The council also agreed to take steps to emphasize to drivers coming from Willow onto Chester that they are leaving a commercial area and entering a residential neighborhood. To do that, the council agreed to narrow Chester slightly near Willow, at the entrance to the neighborhood, and to add trees in the area of the intersection.
Other steps will include restricting left turns from Chester onto westbound Willow, which city staff said is a difficult turn and can cause traffic to back up.
Many Willows residents have e-mailed the council in support of this plan, and several were on hand at the March 16 meeting, including Ross Wilson, who said, "This plan enjoys the overwhelming support of Chester Street residents."

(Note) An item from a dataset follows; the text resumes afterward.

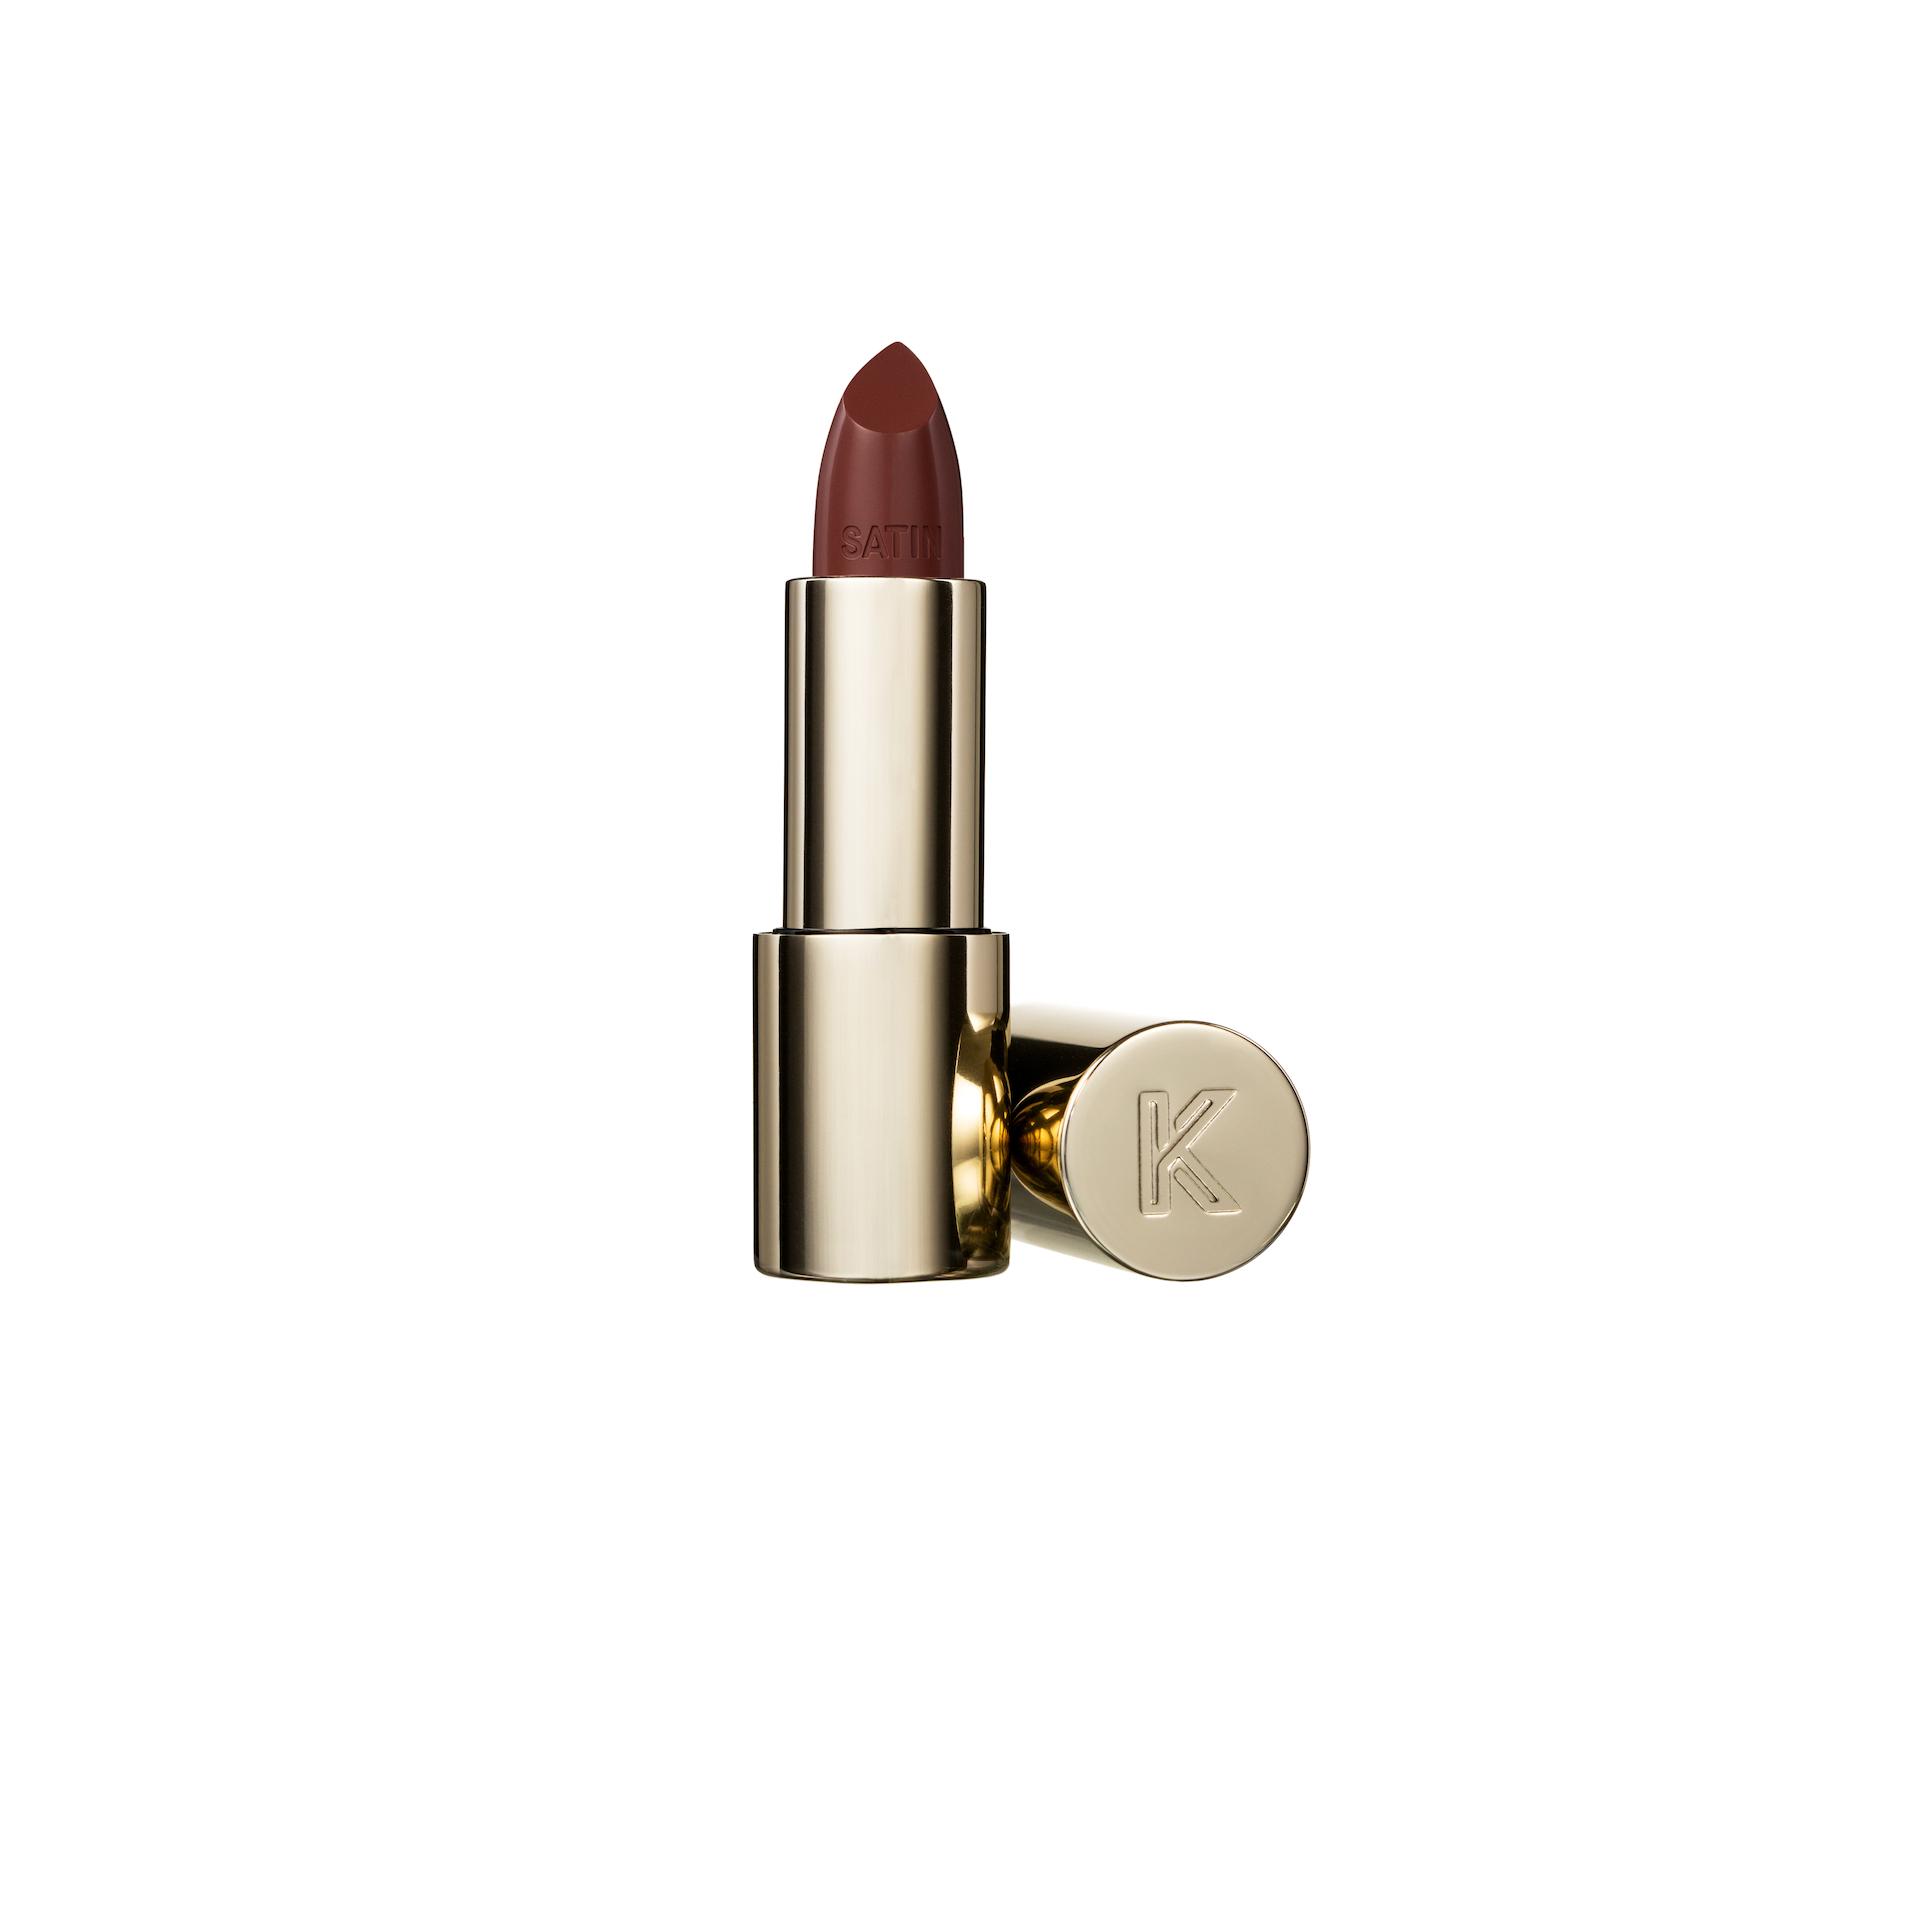 Satin Lipstick 08 Velvet Cream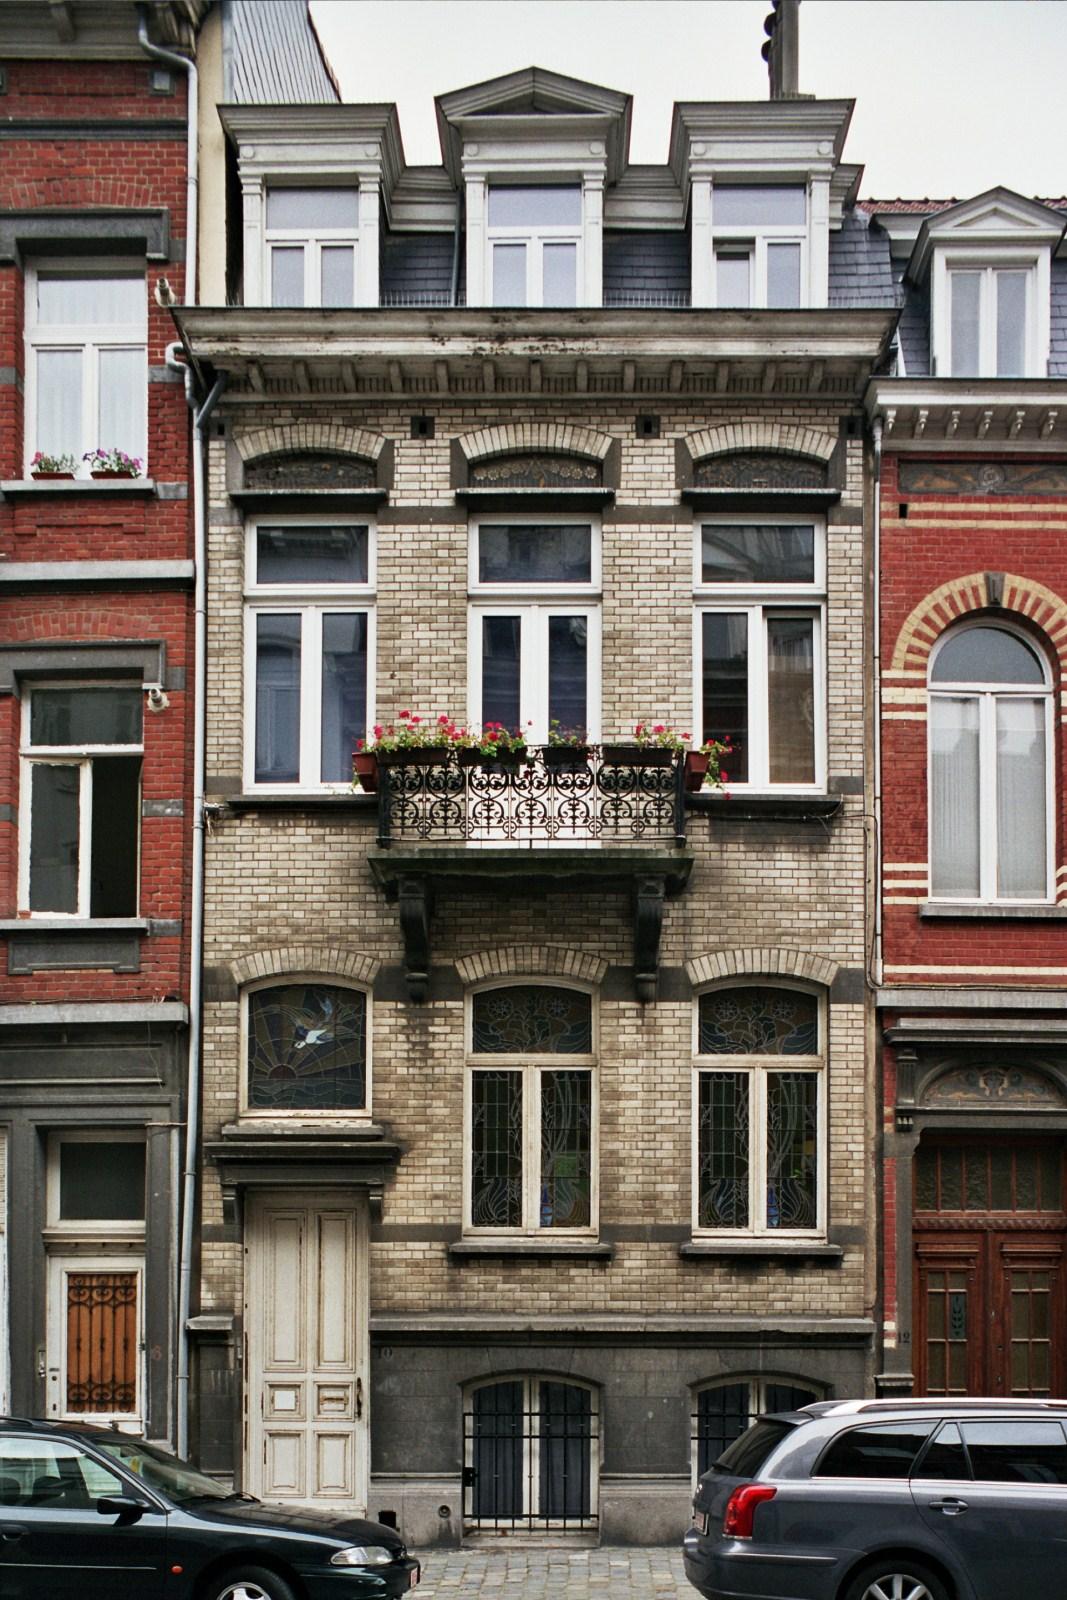 Rue Van Campenhout 10., 2007

Some critics, though, said the plan could be divisive, mentioning the traffic-calming devices on Santa Cruz Avenue that caused an uproar and were removed last year shortly after being installed.
"Unless you're walking to work, everyone's cut-through traffic," Willows resident Gordon Cruikshank said.
In light of the concerns, the council also opted to revisit the issue six months after the traffic-calming devices are installed, polling neighbors on their views and measuring the speed and volume of traffic in the area. The council vote on the Chester Street plan was 4-0, with Paul Collacchi abstaining because he lives within 500 feet of the project area.
Elsewhere in the Willows, the city last year installed seven speed bumps along Woodland Avenue and stop signs at two Woodland intersections. Data collected show that the speed of the fastest drivers has dropped by as much as 12 percent in the area, city transportation consultant Dan Smith wrote in a March 16 staff report.